Chemistry of Elements of First Transition Series
There are four types of orbital i.e. s, p, d and f. On the basis of electronic configuration-
· s-block elements : last electron goes in s orbital.
· p-block elements : last electron goes in p orbital.
· d-block elements : last electron goes in d orbital.
· f-block elements : last electron goes in f orbital.
Transition Elements: –
The elements of d-block which act as bridge or transit point between s and p-block elements is known as transition elements.
d-block elements have four series :
1. First transition series :-
This series contains elements from atomic number 21 (scandium) to atomic number 30 (Zinc). It is called 3d series because last electron goes in 3d orbital. And it is present in fourth period of periodic table.
2. Second transition series :-
This series contains elements from atomic number 39 (Yttrium) to atomic number 48 (cadmium). It is called 4d series because last electron goes in 4d orbital. And it is present in fifth period of periodic table.
3. Third transition series :-
This series contains elements 57 (Lanthanum) and from atomic number 72 (Hafnium) to atomic number 80 (Mercury). It is called 5d series because last electron goes in 5d orbital. And it is present in sixth period of periodic table.
4. Fourth transition series :-
This series contains Actinium (89) and element with atomic number 104 (Rutherfordium) and all above series elements. It is called 6d series. And it is present in sixth period of periodic table. All the elements other then Actinium in this series are synthesised.

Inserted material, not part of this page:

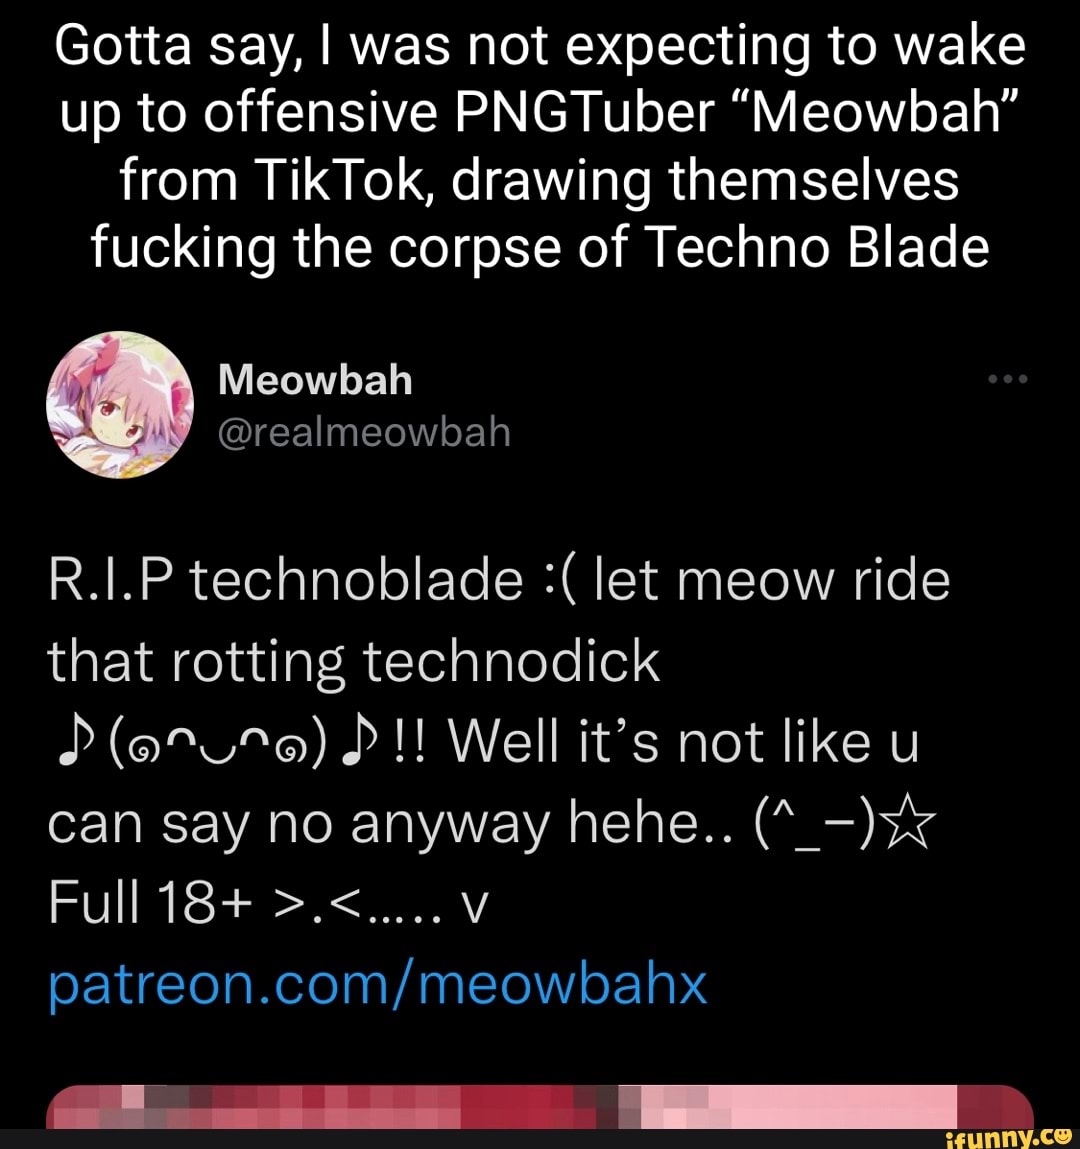 R.1.P technoblade let meow ride that rotting techned Well it's not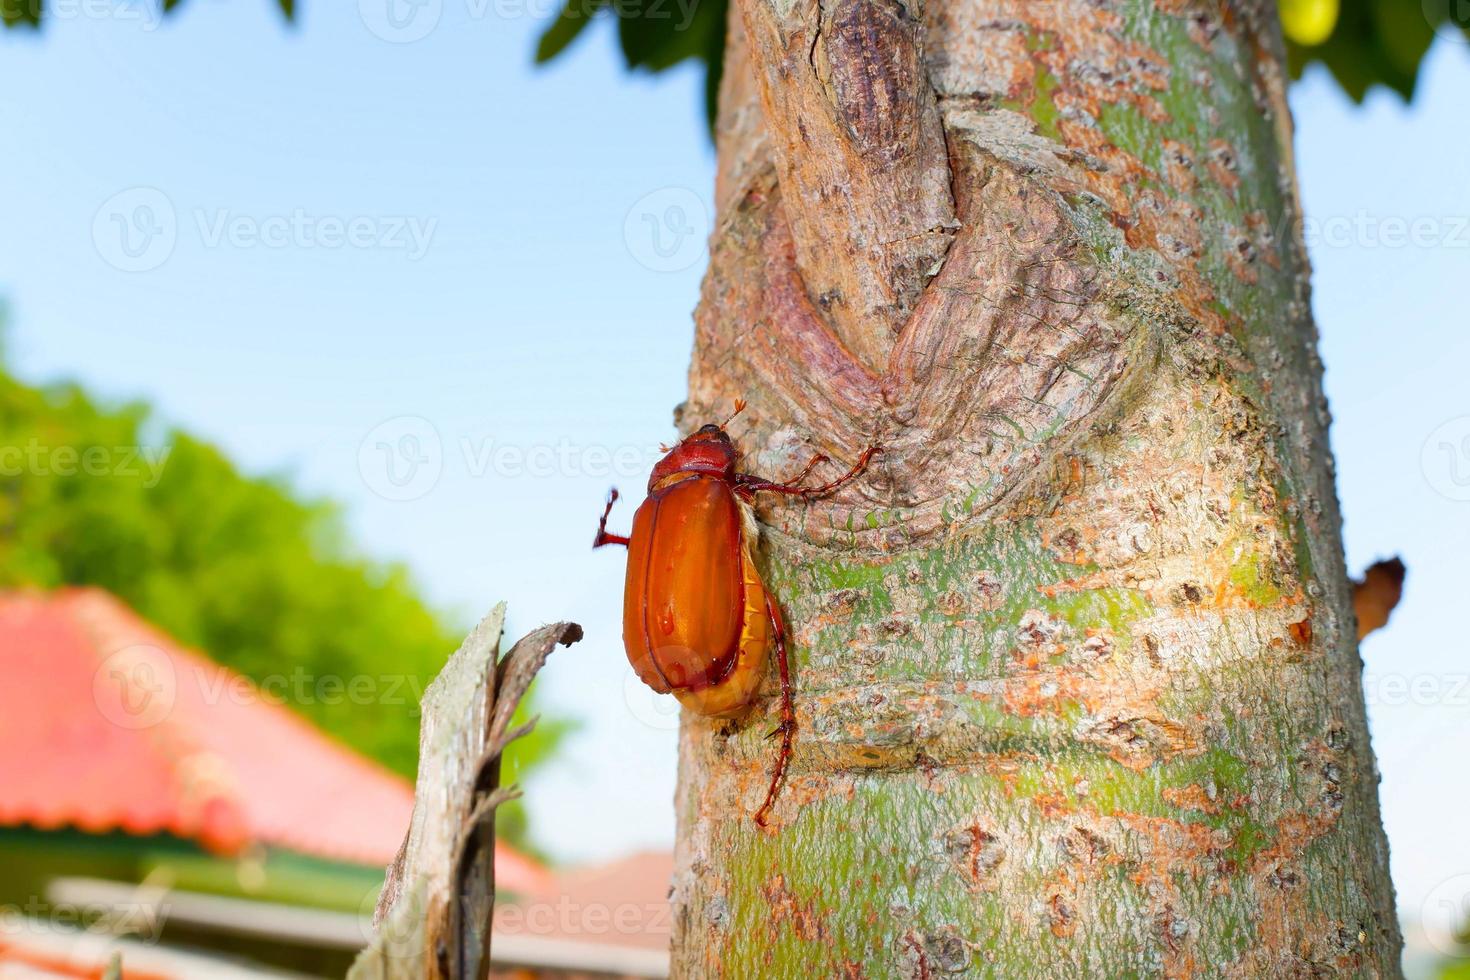 common cockchafer,Melolontha melolontha on the tree. photo

Characteristic Properties of d-block elements :
Main characteristics of d-block elements are as follow:
Physical state and metallic properties :
All d-block elements are solid except Mercury. Mercury is present in liquid state. Atoms of d-block elements have maximum 2 electrons in outermost shell so they show metallic character. Unlike s-block elements these are rigid, malleable and ductile. D-block elements are good conductor of heat and electricity. and have metallic lustre.
Melting point and Boiling point :
These have high Melting and high Boiling point due to stron bond between elements. Zn, Cd and Hg have low Melting and low Boiling point due to completed sub-orbit.
Atomic radius :
In periods of d-block elements, atomic radius generally decreases with increase in atomic no. It is due to increase in nuclear charge of atoms in a period.
Ionic radius :
d-block elements form cations which are smaller than its corresponding atoms. Ionic radius generally decreases across a period with increase in atomic no.
Atomic volume :
Atomic volume of the d-block elements is low as compared to near s and p block elements. Atomic volume decreases with increase in atomic number in a period, but after acquiring a minimum volume it increases due to increased screening effect.
In a period of d block elements gradual increase in density take place with increase in atomic no. And density decreases after acquiring maximum value due to increase in atomic radius and atomic volume.
Standard Electrode Potential :
Standard Electrode Potential of hydrogen is assumed to be zero. Standard Electrode Potential of other electrodes is determined relative to Standard Electrode Potential of hydrogen.
Ionization Potential :
Ionization Potential of d-block elements is intermediate between s and p block elements. Ionization Potential value increases with increase in atomic number across a period.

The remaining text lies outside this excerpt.